Dr. Rice connects Jim Crow era anti-Black violence and modern anti-DEI legislation, and how social conservatism as a political ideology, and the use of the southern strategy across Trump’s presidential campaigns, exploits racial resentment against Black people, fueling current attacks on diversity, equity, and inclusion. 

He talks about the inclusion tax: the disproportionate costs that are placed on Black people navigating predominantly white institutional and professional spaces, the impact of institutional capitulation to demands to roll back or end DEI policy, and how, by refusing to name and fight systemic anti-Black racism, organizations fail their Black employees. 

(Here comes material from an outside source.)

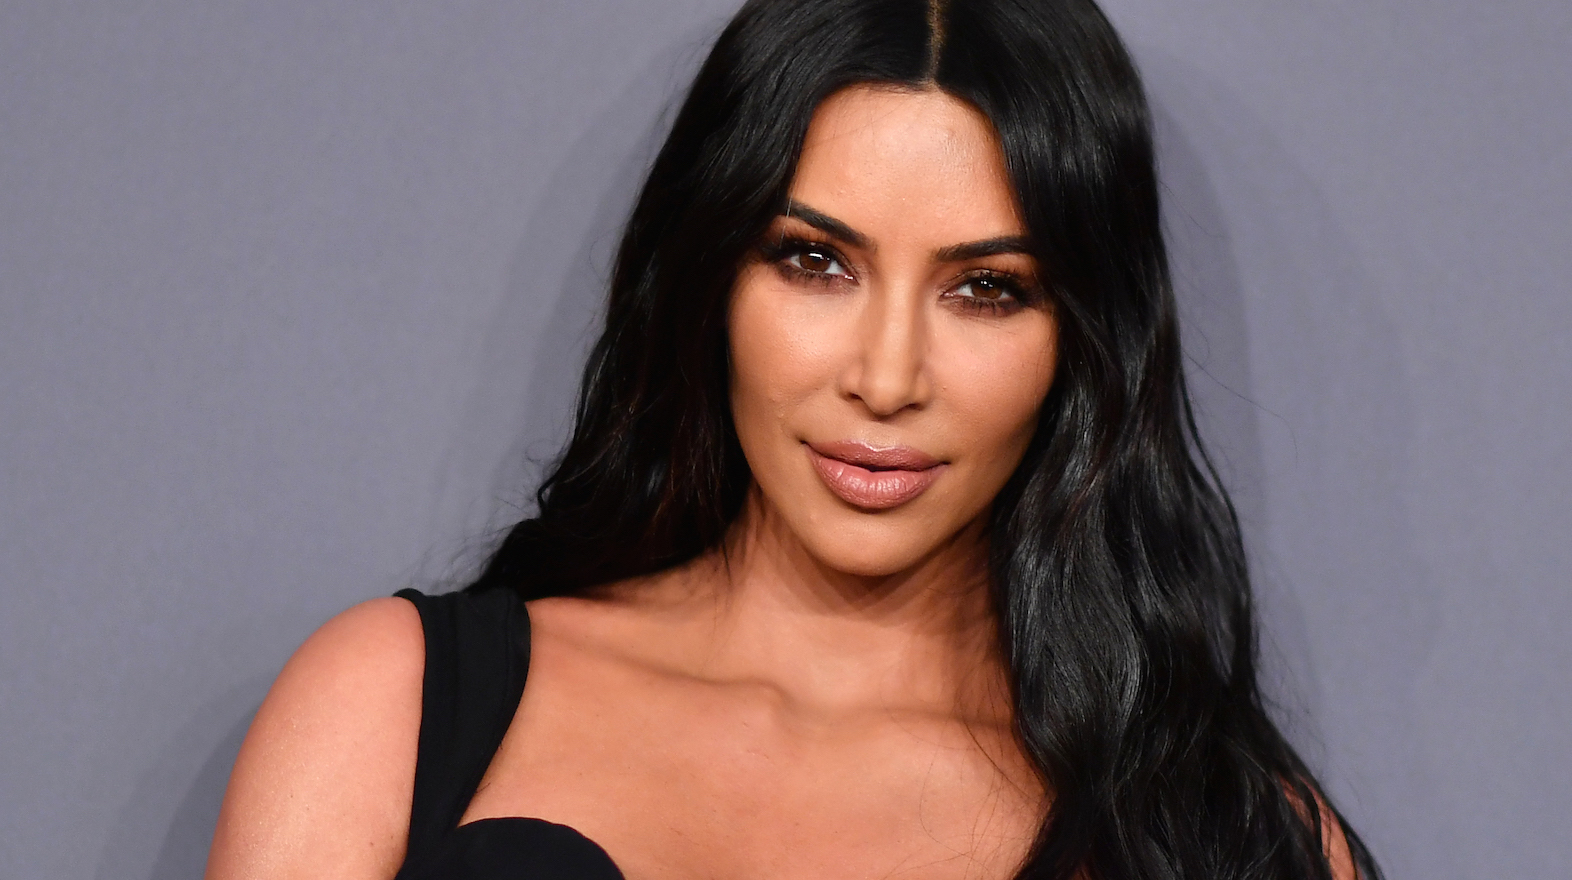 9e502ed9635 She Woke Up Like This! Kim Kardashian Posts New  Morning Psoriasis  Selfie

He also shares considerations for leaders and Black staff on resisting, advocating for equity, and protecting their psychological safety.

October 1, 2025

Reimagining Leadership and Finding Our Role in The Movement with Beca Velázquez-Publes

Beca Velázquez-Publes, Founder, Coach & Consultant at The Liberated Leader, opens up about the lessons she learned early on from her parents that made working for social justice a part of her DNA. She talks about the evolving nature of purpose and how her work with the Urban Core Collective solidified her social justice journey, allowing her to build a space that resisted norms in the nonprofit space and push collective growth edges to test new ways of being for work and in community.  

Beca also talks about the significance of operationalizing equity and creating inclusive and human-centered organizational structures, the ongoing process of unlearning internalized oppression, and invites listeners to embrace their own leadership among the many ways to contribute and find community in the work for Liberation.

September 3, 2025

Exploring Identity and Mental Health Through Comics, Anime, and Culture with Quincy M. Simmons

Quincy M. Simmons, a rising senior at SUNY New Paltz in Journalism, Film, Video, and Black Studies, shares what motivated him to use his love for comic books, manga, and anime to address social justice issues through his podcast, “The Masks We Wear”. He talks about mental health, neurodiversity, and toxic masculinity, and how exploring comics as modern mythology can offer powerful reflections on today’s social and political climate. Quincy also talks about his journey with journalism, how he uses storytelling to inspire and educate, his guiding influences, and the impact he hopes to make with his work.